Alito appeared eager to revisit the court’s 1986 decision in Thornburg v. Gingles, which laid out a framework for making an initial assessment of vote-dilution, suggesting the preliminary legal hurdle is too low.
“As a practical matter, in every place in the south and maybe in other places, if the first Gingles condition can be satisfied, will not the plaintiffs always run the table?” Alito asked the U.S. solicitor general. “Where can (the defendants) win?”
Chief Justice John Roberts at one point appeared open to revisiting the standard used to assess racial gerrymander challenges in court, as did Justice Brett Kavanaugh. Earlier this year, Roberts criticized the lack of certainty surrounding the current legal test, a sentiment that was echoed in an opinion by Alito and Kavanaugh.

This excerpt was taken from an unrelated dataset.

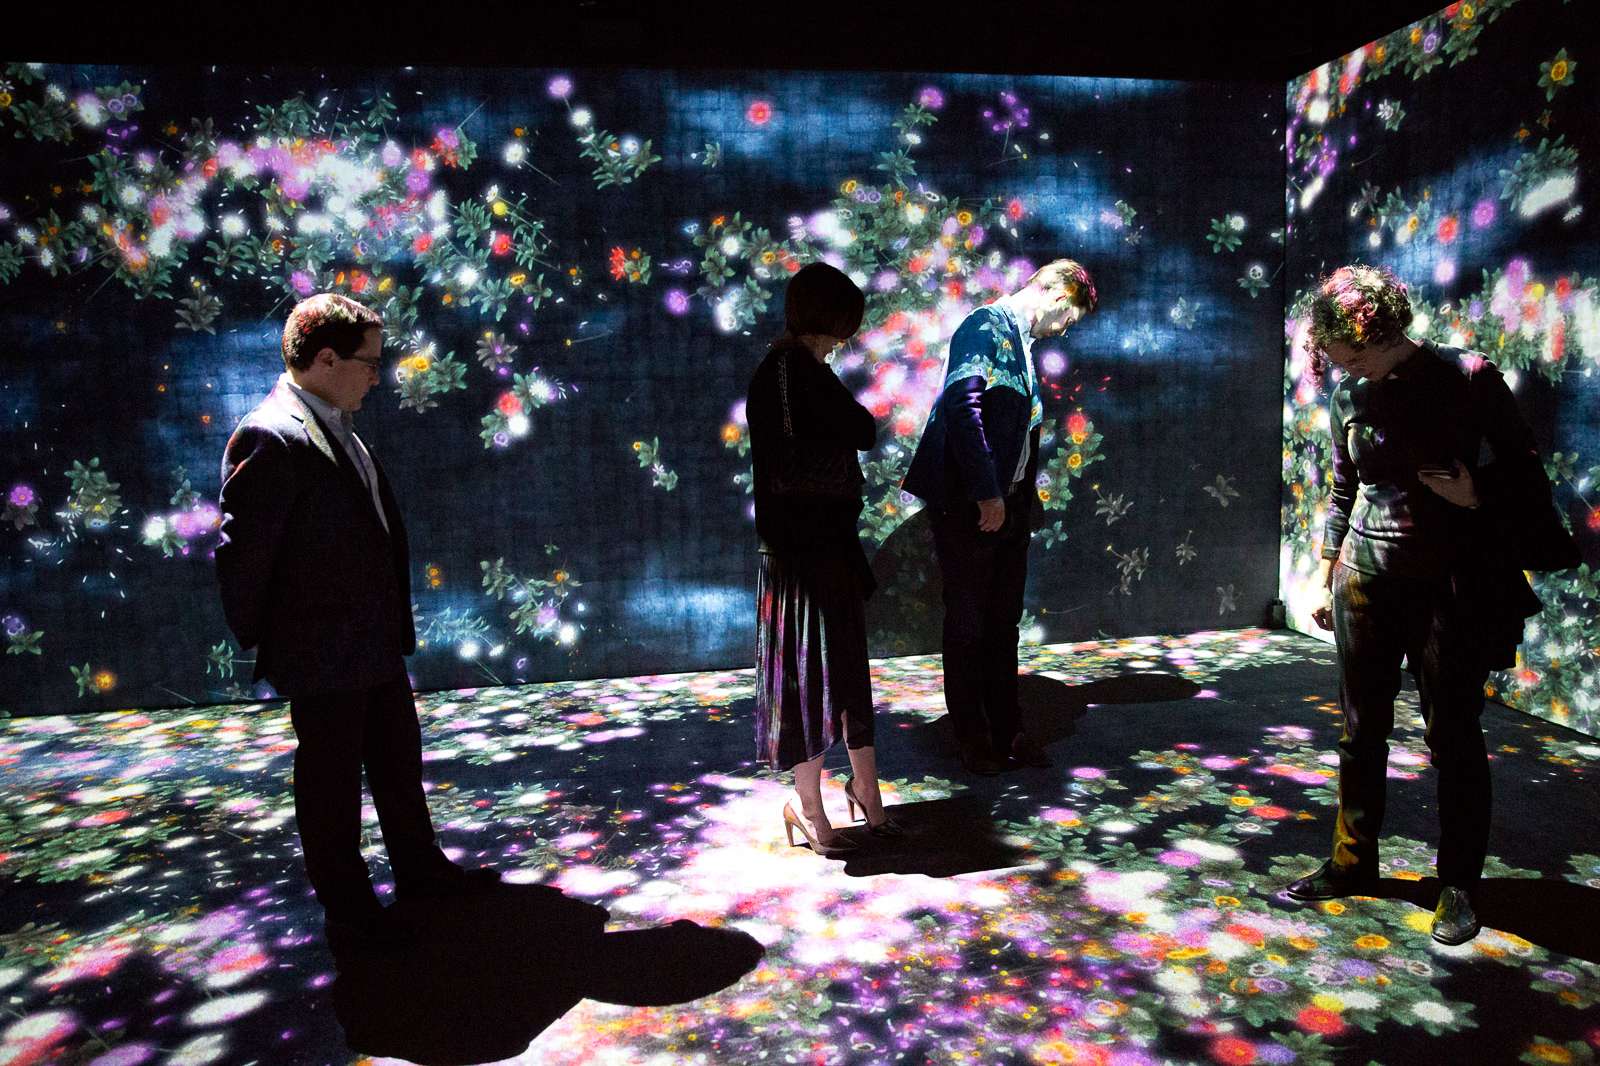 teamLab, Flowers and People, Cannot be Controlled but Live Together – A Whole Year per Hour, 2015. Interactive Digital Installation, Endless, Sound: Hideaki Takahashi. Installation photo at the Moody Center for the Arts, 2017. Photo: Jenny Antill

Justices Clarence Thomas and Neil Gorsuch, two of the court’s most conservative members, asked only one question between them during Tuesday’s argument, though both previously joined a bare majority in favor of Alabama Republicans in an emergency ruling in the case.
The dispute heard Tuesday arose after a group of Black Alabama voters brought a legal challenge under Section 2 of Voting Rights Act against the state’s GOP-crafted voting map. The state’s population is 27 percent Black, but just 1 in 7 of its U.S House districts, or 14 percent, is majority Black.
The challengers allege that Republican state lawmakers used map-drawing techniques known as “cracking” and “packing,” which have been used in the past for racial gerrymandering, to draw a map that diluted the power of Black voters.
“Cracking” and “packing” involve splitting up a cluster of an opposing party’s likely voters among several districts where their votes are unlikely to sway the outcome of a race, as well as packing those voters into a small number of districts to make them dilute their votes in other districts.
In January, a unanimous three-judge panel in Alabama, which included two appointees of former President Trump, sided with the Black voters challenging the state’s new map. The judges found the Alabama map ran afoul of the Voting Rights Act and ordered the state’s GOP mapmakers back to drawing board to increase to two the number of districts featuring majority Black representation.
The ruling prompted Alabama Secretary of State John Merrill (R) and top GOP lawmakers to file an emergency request to the Supreme Court. Operating under its so-called shadow docket, the court in a 5-4 vote agreed in February to halt the lower court ruling, with Chief Justice John Roberts joining the court’s three liberals in dissent. The stay order allowed the alleged racially gerrymandered map to remain effective through the 2022 primary election.
Additionally, the court agreed to formally hear the case, which it did Tuesday when Alabama urged the justices to permanently reinstate the map the lower court deemed racially discriminatory.
Justice Ketanji Brown Jackson, who in her second day on the bench has already emerged as one of the court’s most active questioners, pushed back forcefully against the Alabama solicitor general’s suggestion that drawing a second majority-Black district in the state could violate the Constitution. Jackson said the 14th Amendment and Voting Rights Act should be seen as acting in harmony with one another.
“It was drafted to give … a constitutional foundation for a piece of legislation that was designed to make people who had less opportunity and less rights equal to white citizens,” she said.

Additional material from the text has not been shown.